→ Given material:
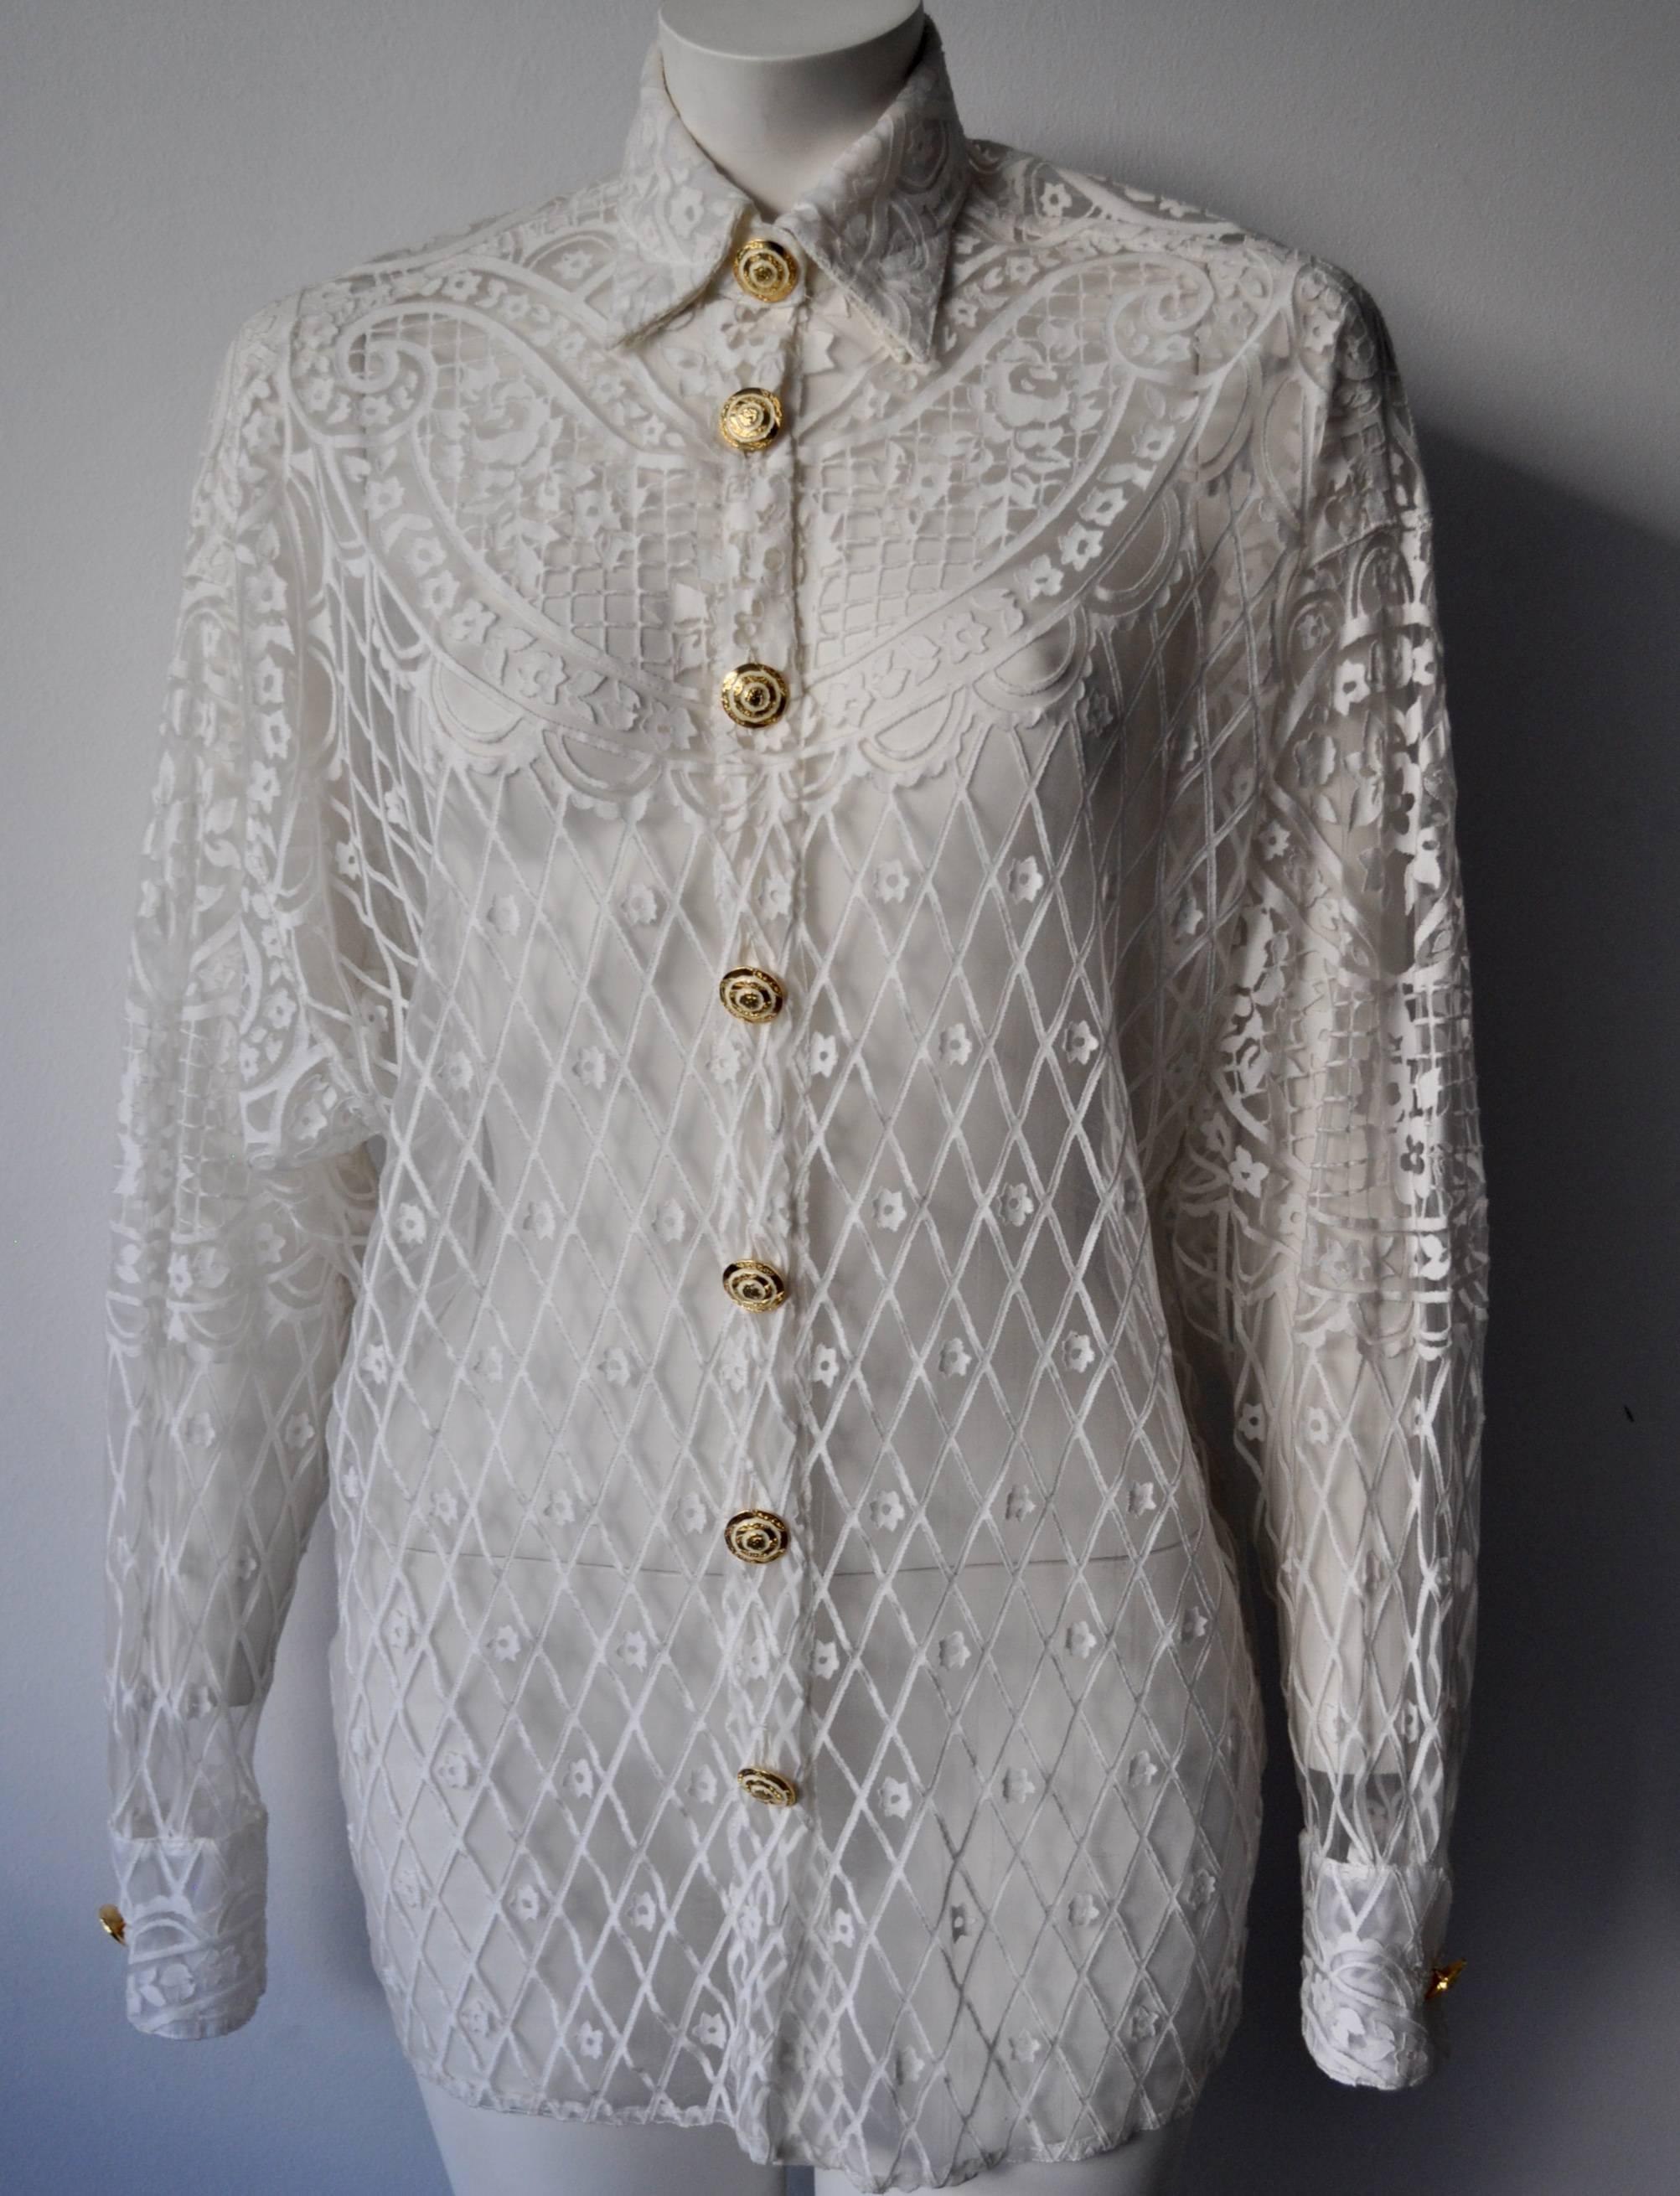 Eclectic Gianni Versace Couture Laser-Cut Sheer White Silk Shirt featuring prominent Gold gilt metal and white paste buttons from the provocative 
Punk Collection, Spring 1994.
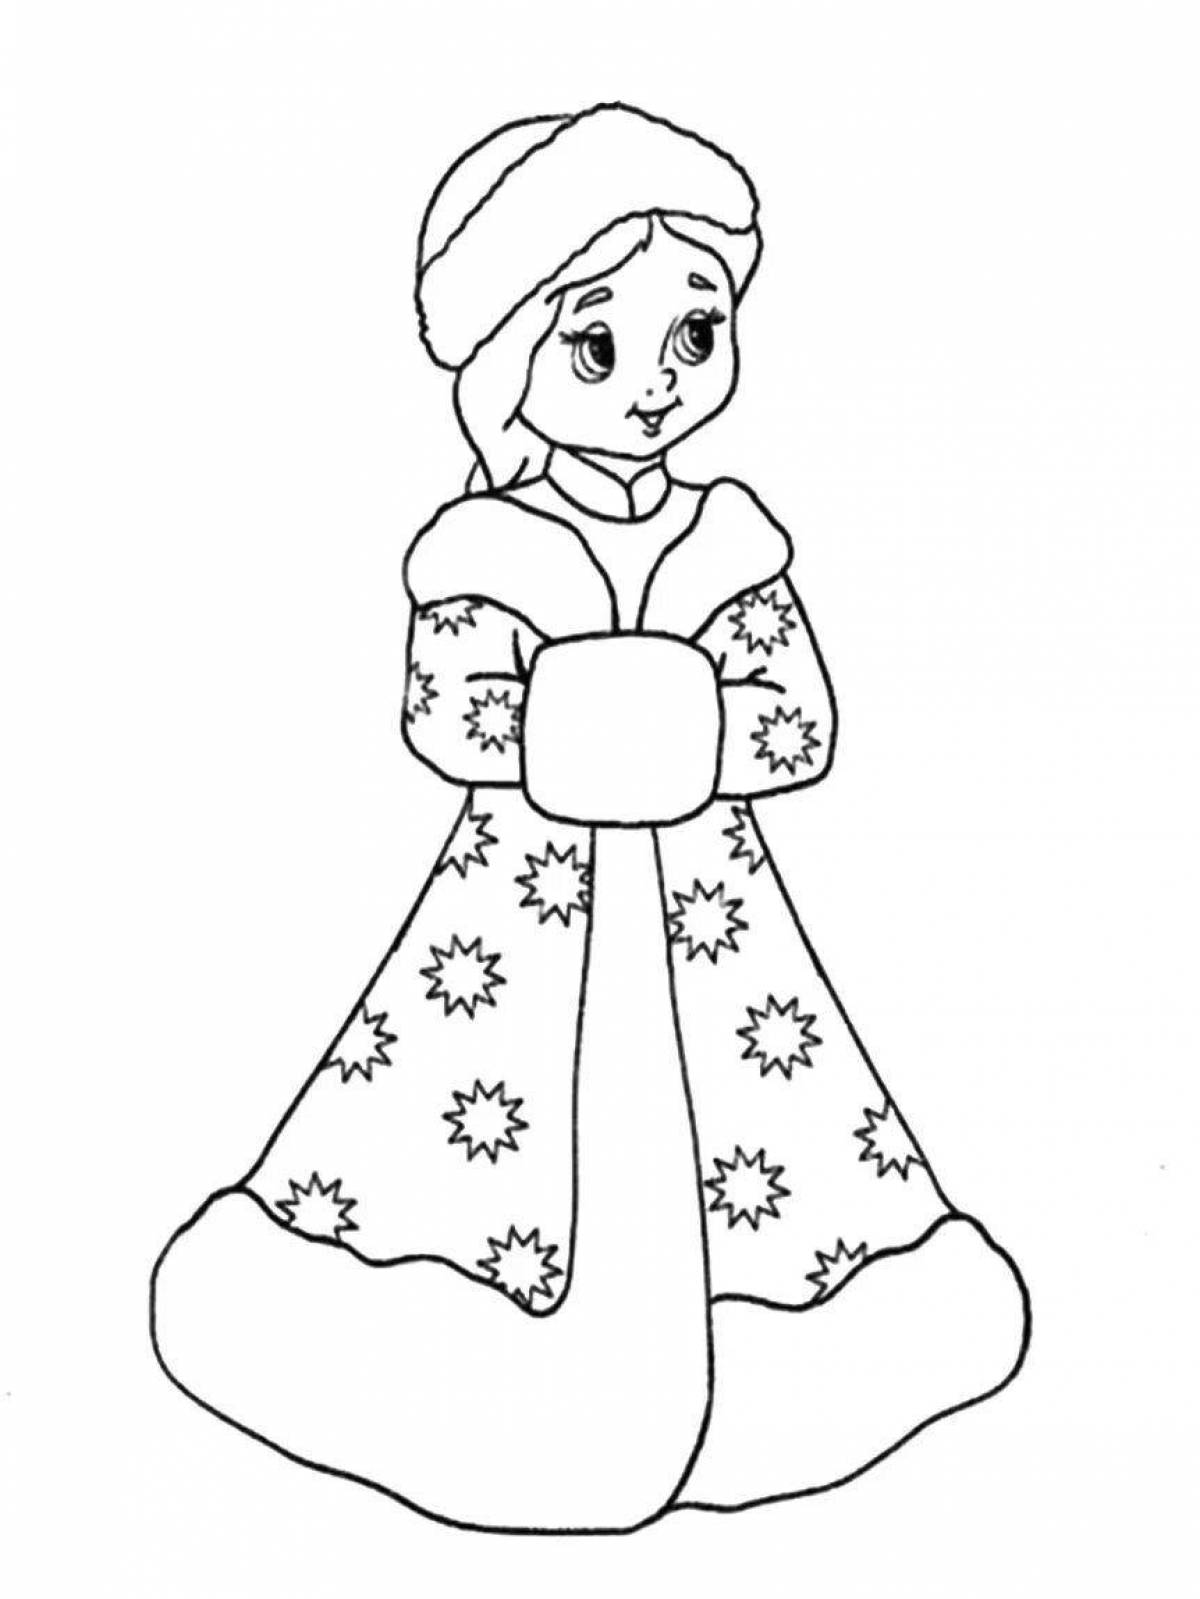 Glowing coloring drawing snow maiden
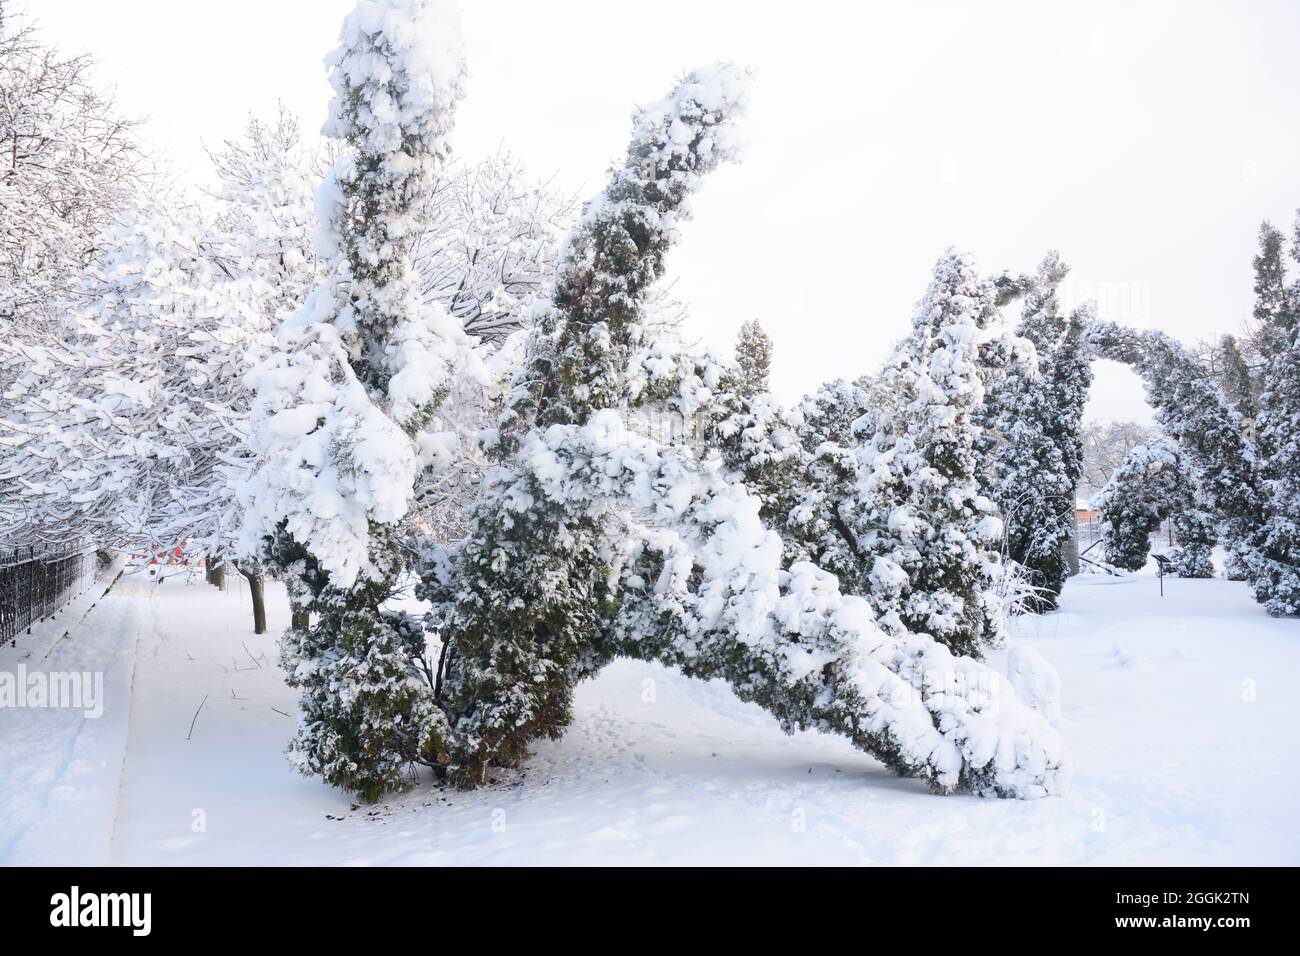 After the Snow Storm: Coping with Snow- and Ice-Damaged Trees. Snow damaged Thuja occidentalis trees. Stock Photo

→ What is expected:
Go through the listing above and quote it exactly, apart from its images.

→ Reply to the task:
 Eclectic Gianni Versace Couture Laser-Cut Sheer White Silk Shirt featuring prominent Gold gilt metal and white paste buttons from the provocative 
Punk Collection, Spring 1994.
 Glowing coloring drawing snow maiden
 After the Snow Storm: Coping with Snow- and Ice-Damaged Trees. Snow damaged Thuja occidentalis trees. Stock Photo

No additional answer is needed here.